The fundamental concept in Dataiku is that the project flow can only run a single instance at the time. Think how the outputs of a recipe work, Dataiku will generally truncate and rebuild output datasets. Partitions may allow some paralelisation in some datasets but it's not feasable to have all datasets partitioned. And the output of a partitioned dataset may well be a non-partitioned dataset so how do you handle that case?
One alternative for recipe isolation is the Application-as-recipe option. In this alternative you can execute the same code using different inputs and outputs since it clones the recipe and runs in isolation for the each set of inputs and outputs. But this option it's not designed for scalability, just for code reusability.

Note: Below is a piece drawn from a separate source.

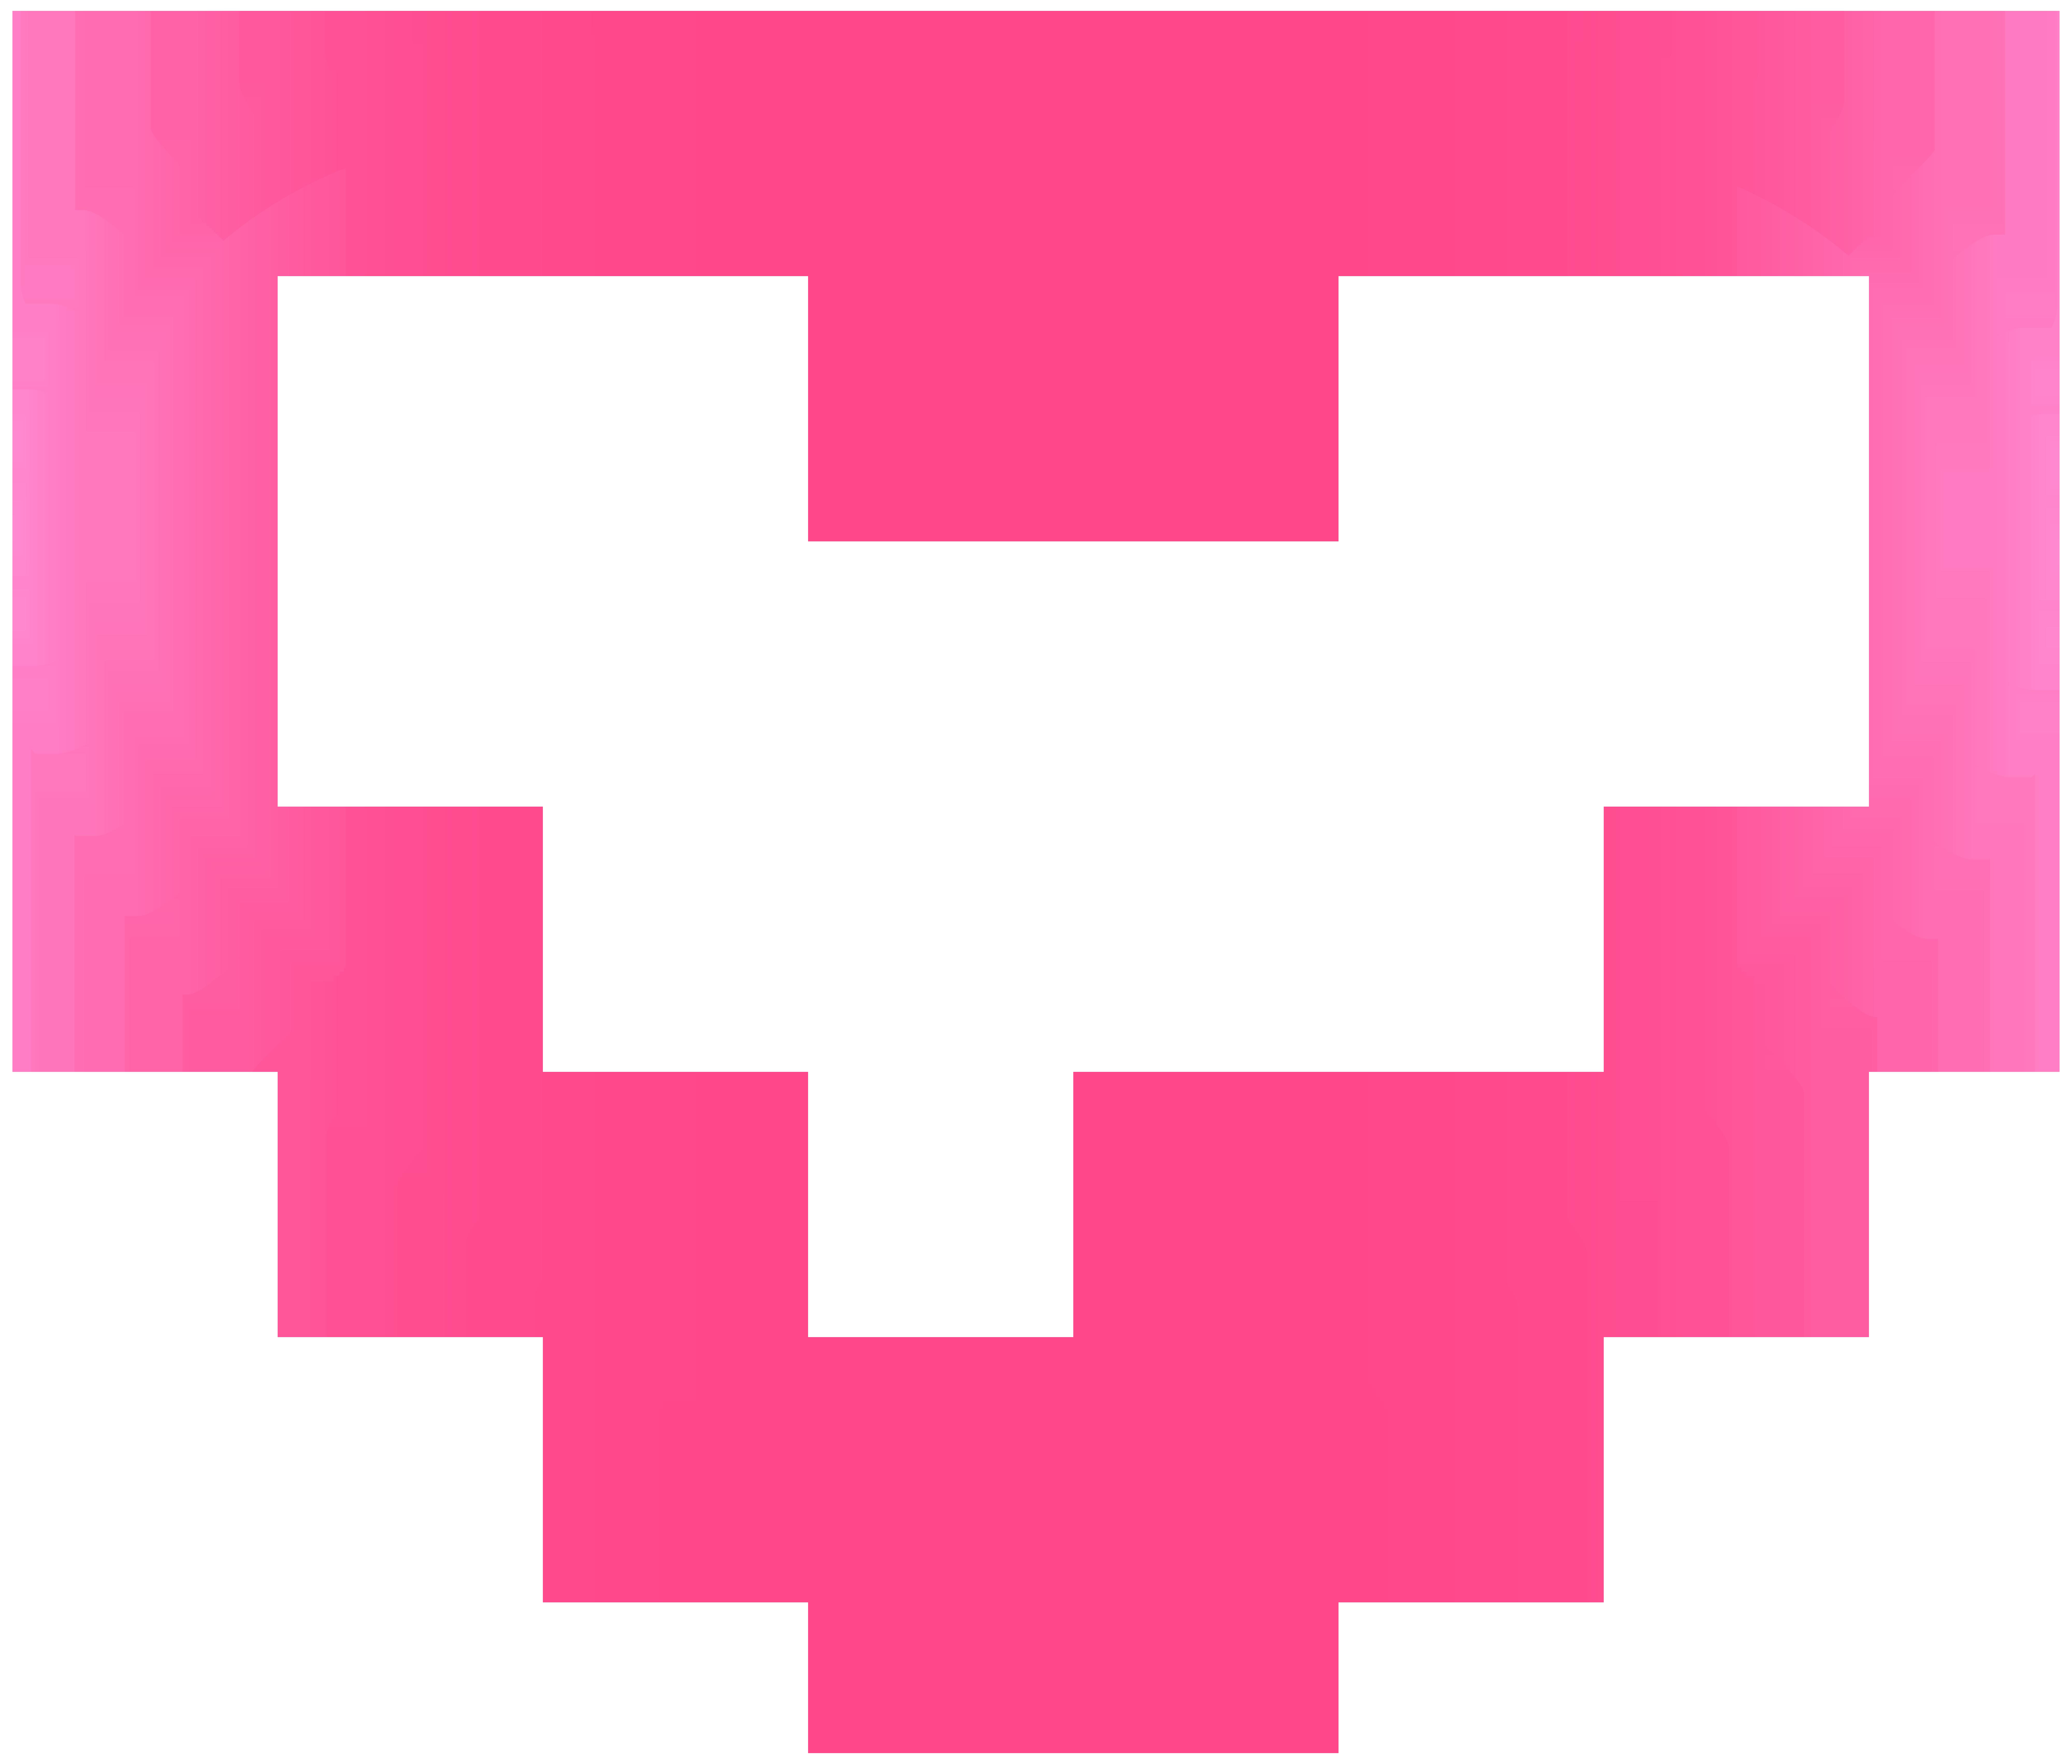 Pink heart border clipart jpg download Pink Heart Border Frame Transparent PNG Clip Art | Gallery ... jpg download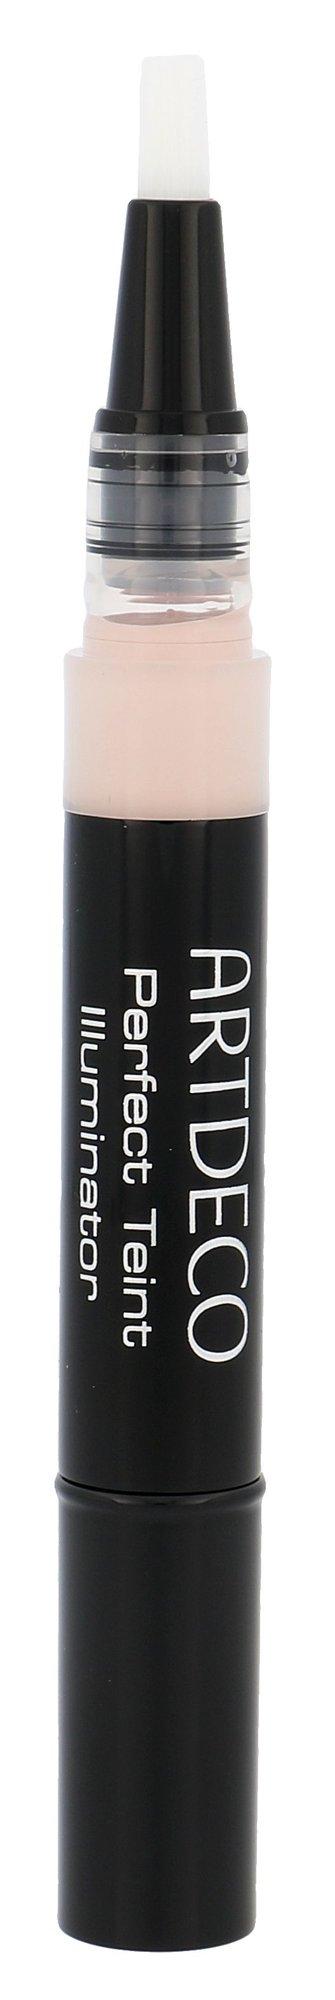 Artdeco Perfect Teint Cosmetic 2ml 1 Illuminating Pink

Neither of the above are good parallel solutions. Aside from using SPARK like Tom suggests your other option is a poor man's paralelisation of the flow. This can be done by splitting your data with a split recipe so that you can have multiple branches of flow execution running at the same time. In this design you don't "break" flow rules since eahc execution branch uses separate inputs and outputs. This may require slicing the data by some column. In your case you use brand and have 20 brands per flow branch and 10 flow execution branches. Of course this will add some overhead as you first split the data and then combine it back again after processing. And of course you will be subject to the Concurrent activities limits like the Global limit and Per job limit and to the number of cores available in your system.